Information Security Risk Assessment
The NEC Group conducts risk assessments and implements countermeasures by analyzing deviations from baseline criteria and carrying out detailed risk analysis, with both methods conducted in a proper manner. First, we ensure that security is implemented in line with criteria that serve as a baseline, and when more advanced management is necessary, we conduct a detailed risk analysis based on the Information Security Risk Assessment Criteria and implement finely tuned countermeasures.
Risk Management for Information Security Incidents
Information security incidents are subject to mandatory reporting. The contents of these reports are analyzed and the results are put through a PDCA cycle for risk management assessment. Incident information is centrally managed for the entire NEC Group, and changes in the number of incidents, trends by organization and type of incident, and other data are analyzed. From there, NEC reflects this analysis in Group-wide measures while also measuring the impact of these incidents.
Measures against Cyber Attacksd
As cyber attacks grow increasingly complex and sophisticated, the NEC Group focuses on the protection of information assets entrusted by customers and business partners as well as its own. To this end, we have implemented total cyber security management by conducting uniform and advanced measures worldwide based on cyber security analysis, and established an incident response framework with our Computer Security Incident Response Team (CSIRT).

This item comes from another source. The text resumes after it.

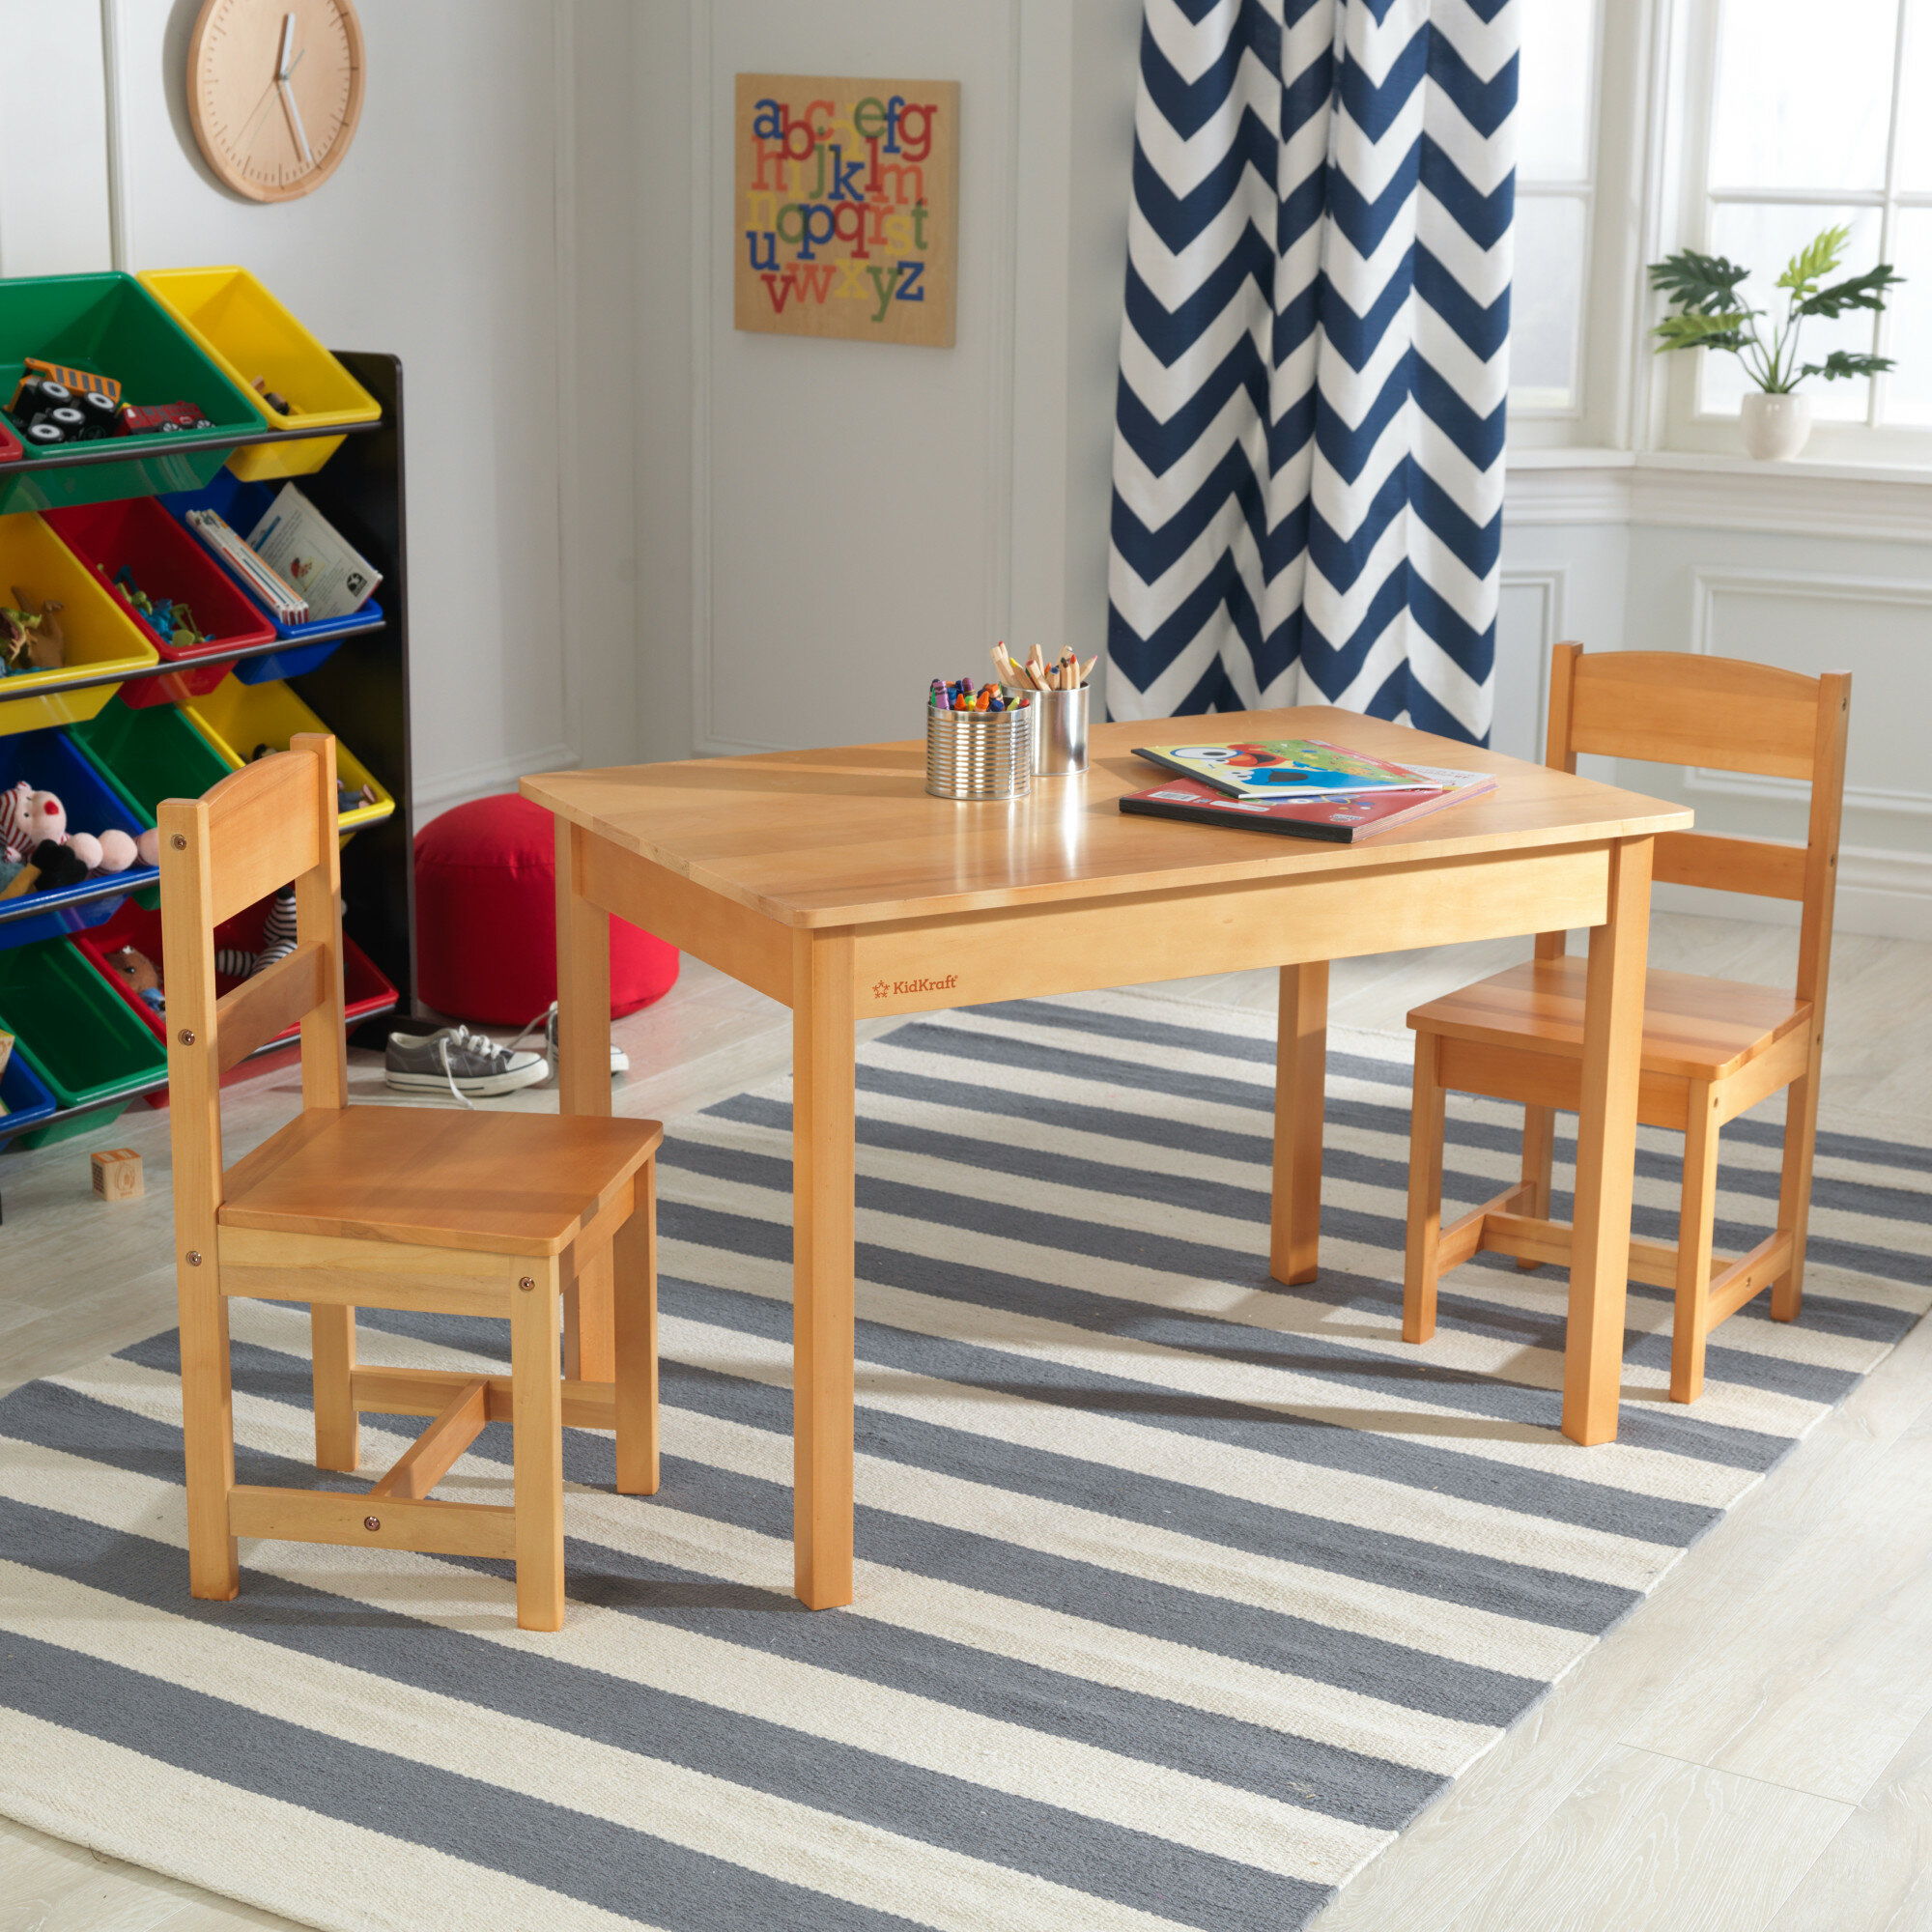 Kidkraft Kids Rectangular Play Activity Table And Chair Set Reviews Wayfair

In particular, given that NEC creates and provides social solutions for countries worldwide, a single information security incident caused by a cyber attack or any other factor could diminish the social trust of the entire NEC Group and materially affect its business management. For this reason, we view a comprehensive and global approach to cyber security risks as essential for our business continuity.
We are strengthening our global measures against increasingly sophisticated cyber attacks based on a multilayered defense approach. In fiscal 2021, our measures focused on the following tasks.
|Cyber risk assessments by “Red Team”||
|Generating and utilizing threat intelligence||
|Enhancing organizational security resilience||
|Critical information management||
Providing Secure Products, Systems, and Services
NEC has established a security implementation organization structure to facilitate secure development and operations of the products, systems, and services it provides to customers. This structure comprises information security managers assigned to each business unit and follows the concept of security by design (SBD) to ensure security comprehensively from the planning phase through to the operation phase.
Information Security in Collaboration with Business Partners
NEC conducts its business activities in collaboration with business partners. In these collaborations, we believe it is important to ensure that the technology capabilities and information security level of the business partners meet our required standards. To this end, NEC categorizes its business partners by information security level based on the implementation status of their information security measures. In selecting business partners for a project appropriately, we check the information security level to outsource tasks, thus reducing risks of information security incidents occurring at business partners. In addition to the measures stated above, we conduct document security survey checks and on-site inspections for business partners. Every year we review inspection items in light of any incident trends or in consideration of the business partner, issue a report of the inspection results and provide the business partner with feedback, and follow up on any issues that require improvement.